■ AIM OF THE EXERCISE:
Please give back the listing below word for word and drop any images.

■ SOURCE DATA:

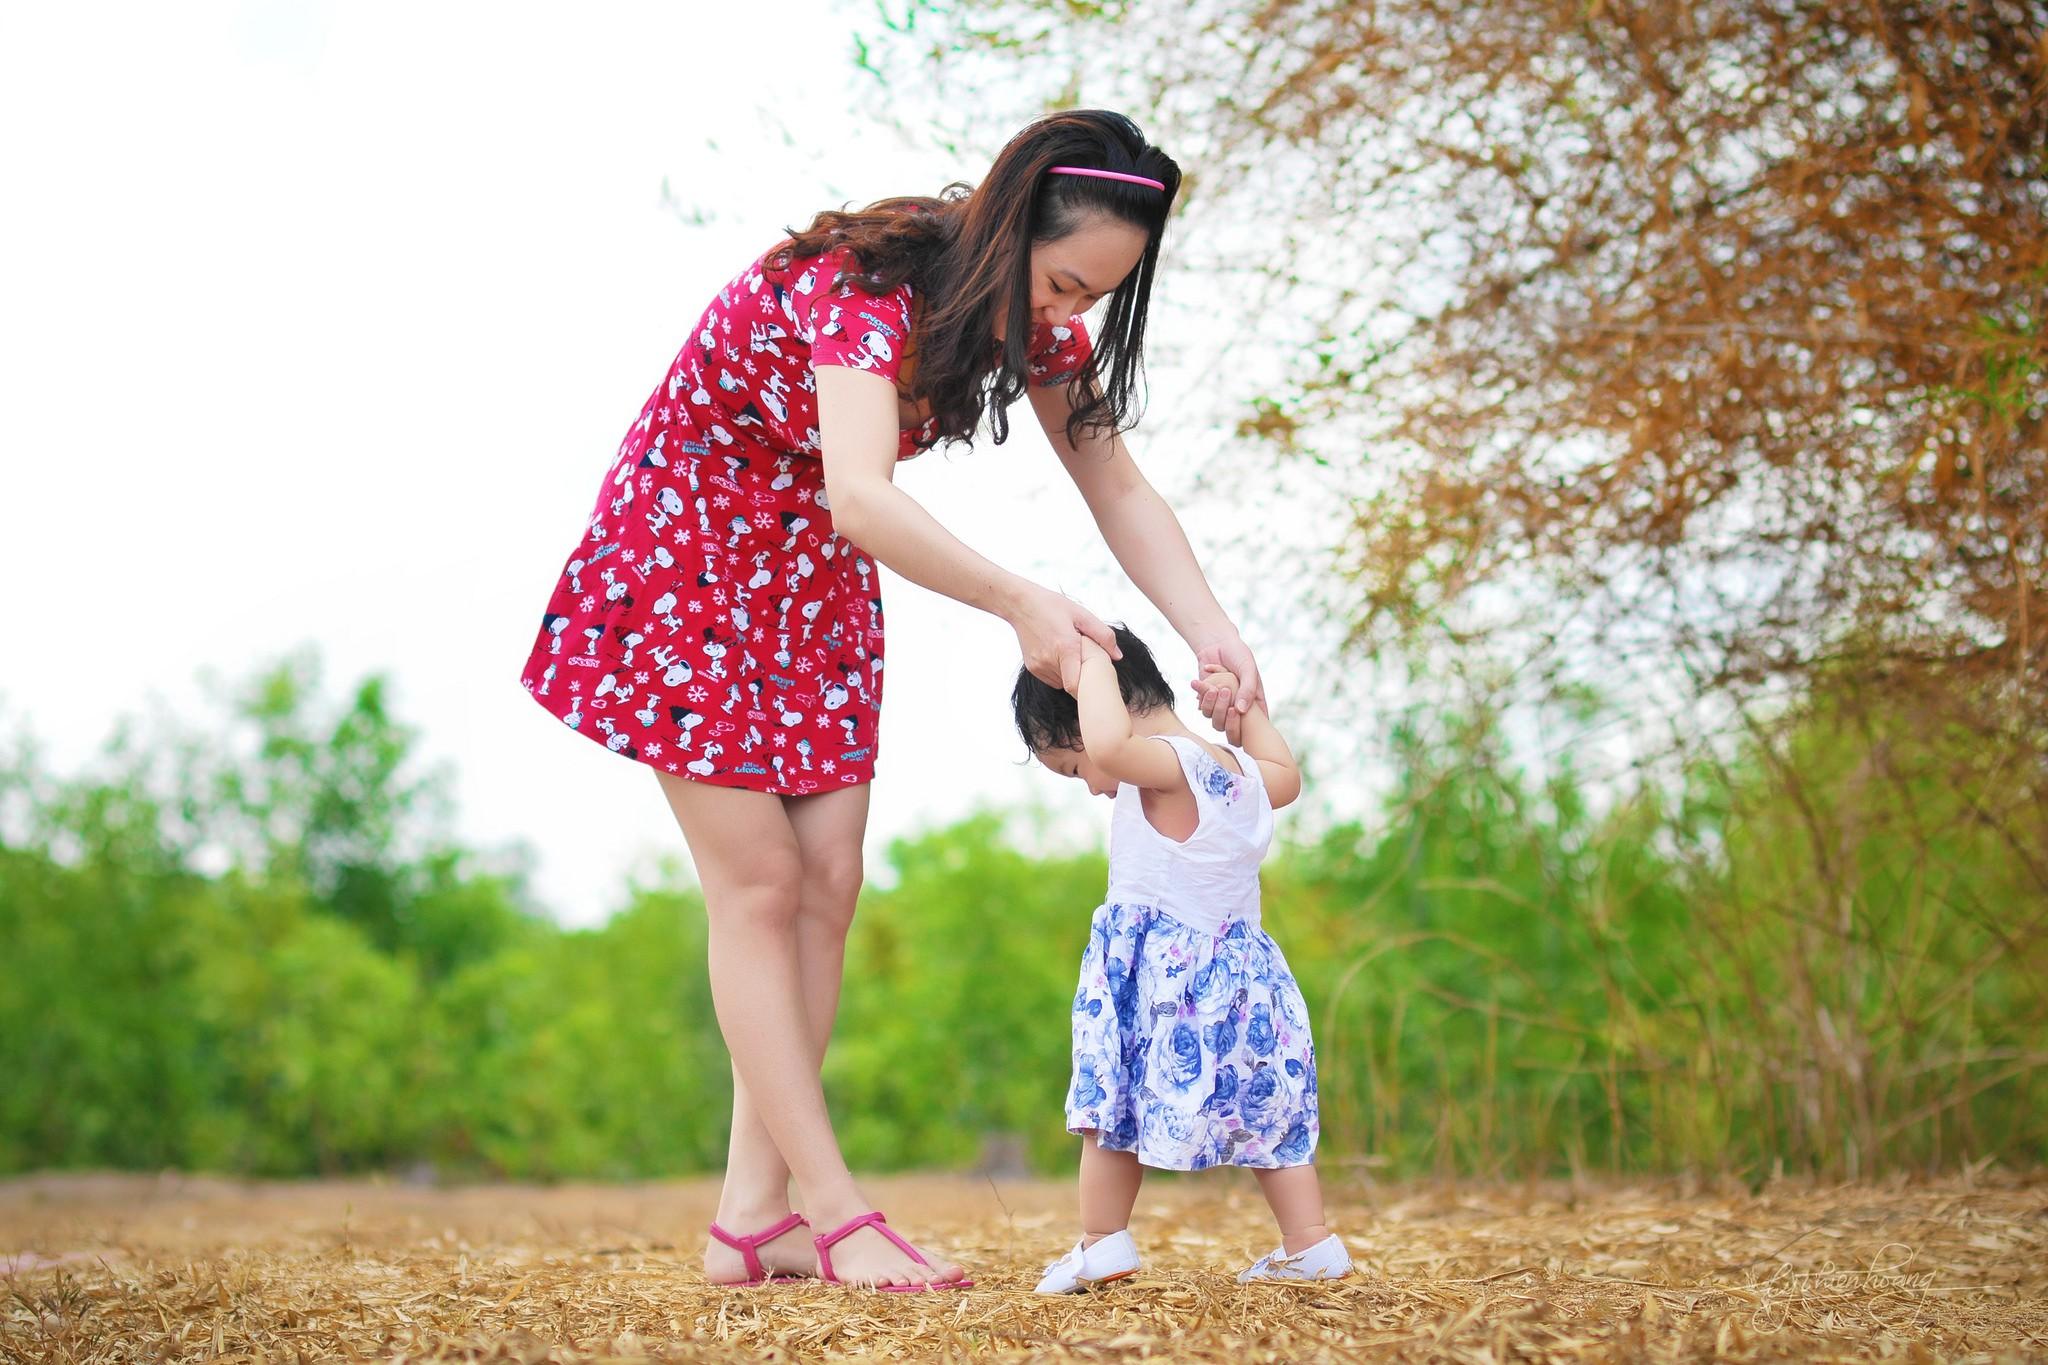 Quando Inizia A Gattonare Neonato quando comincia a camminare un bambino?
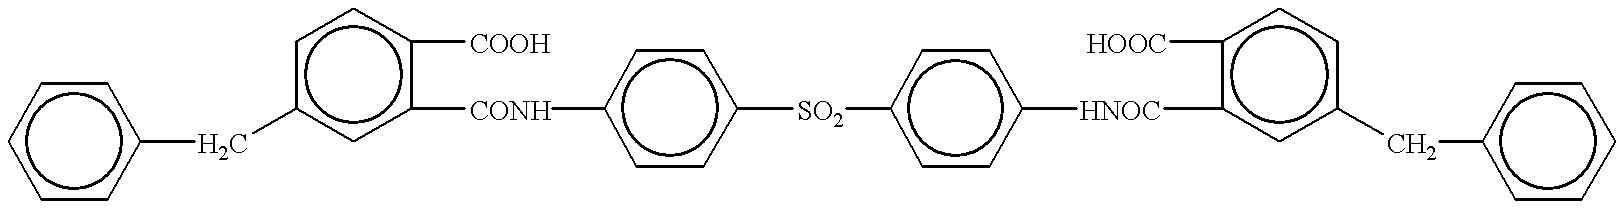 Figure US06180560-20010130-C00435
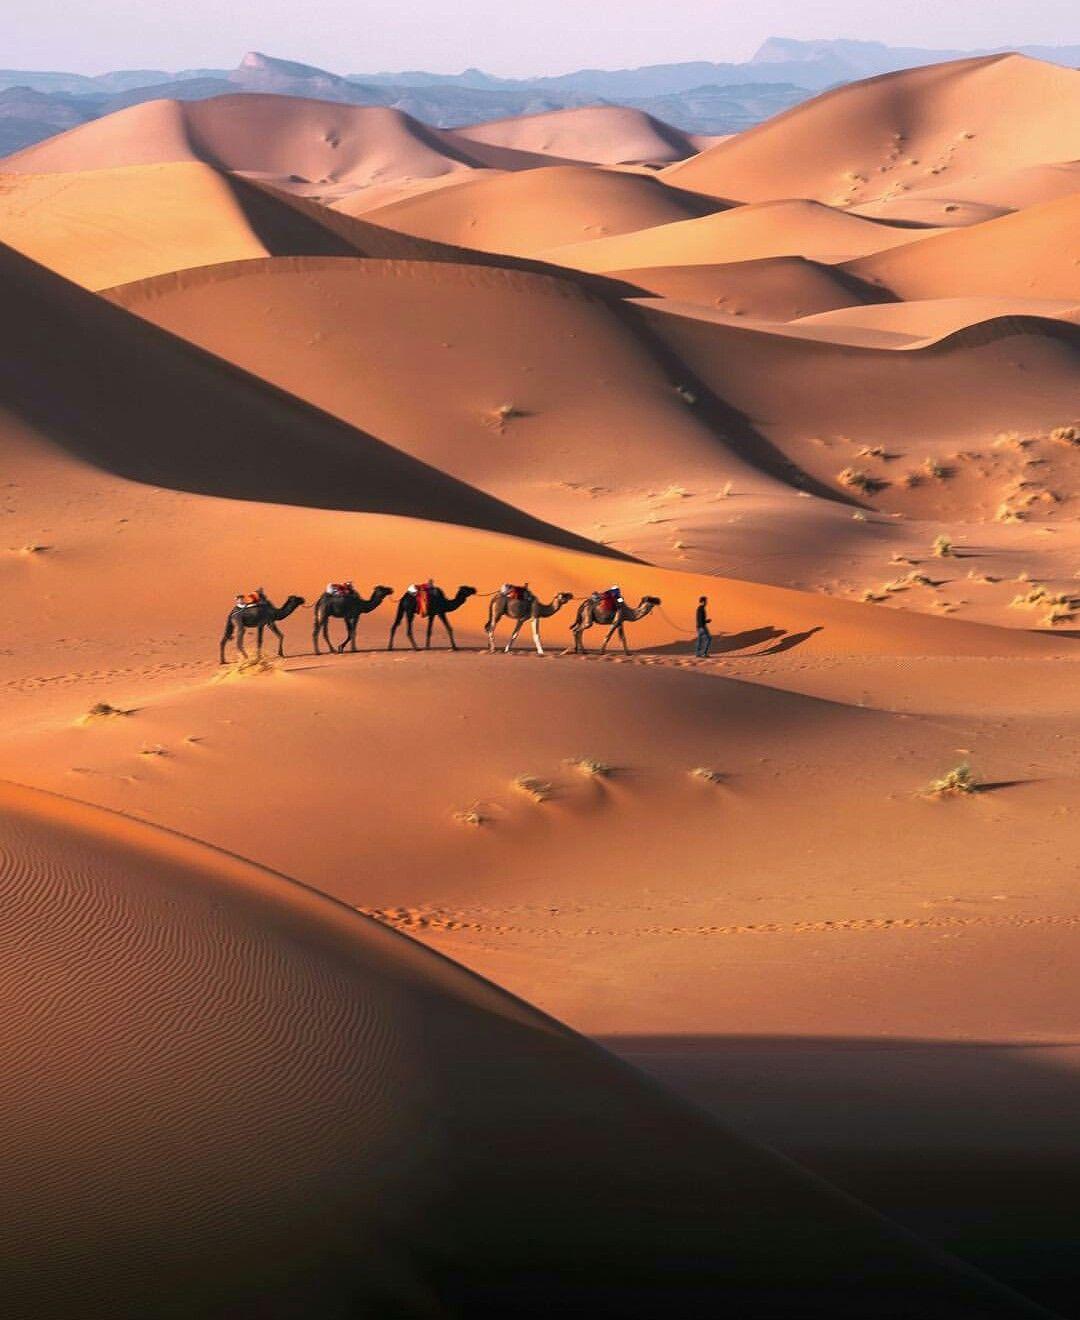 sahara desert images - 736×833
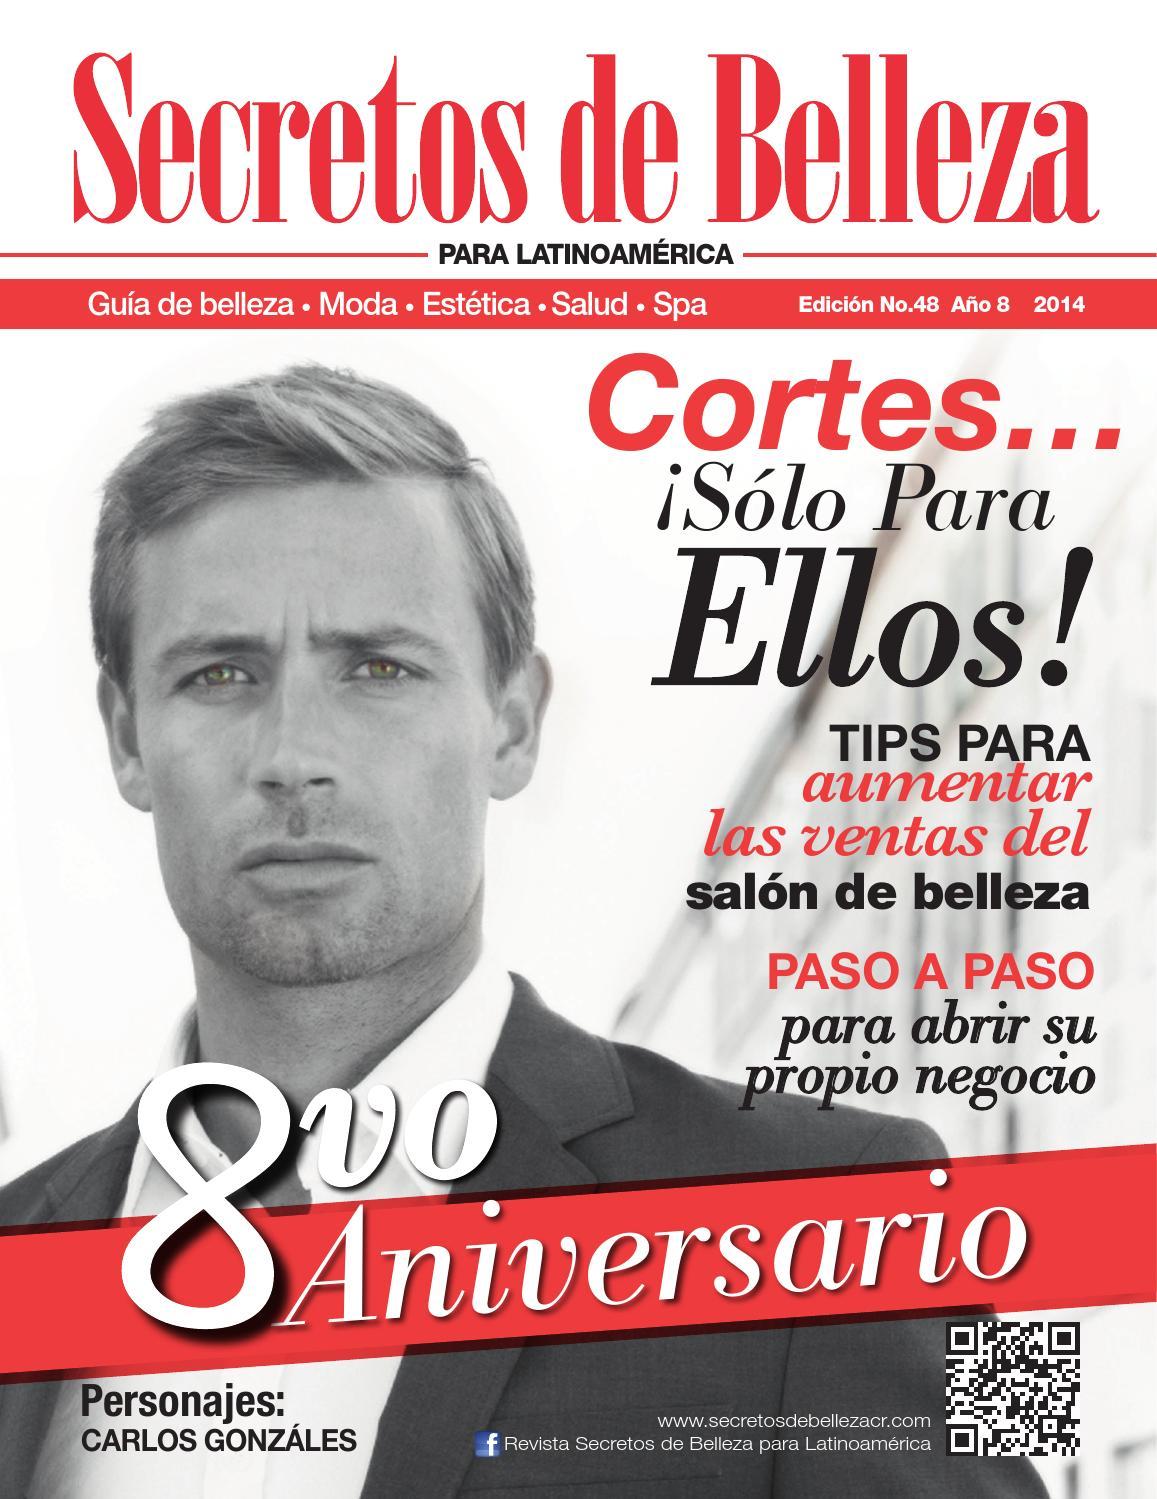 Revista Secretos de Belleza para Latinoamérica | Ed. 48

■ EXPECTED OUTPUT:
 Quando Inizia A Gattonare Neonato quando comincia a camminare un bambino?
 Figure US06180560-20010130-C00435
 sahara desert images - 736×833
 Revista Secretos de Belleza para Latinoamérica | Ed. 48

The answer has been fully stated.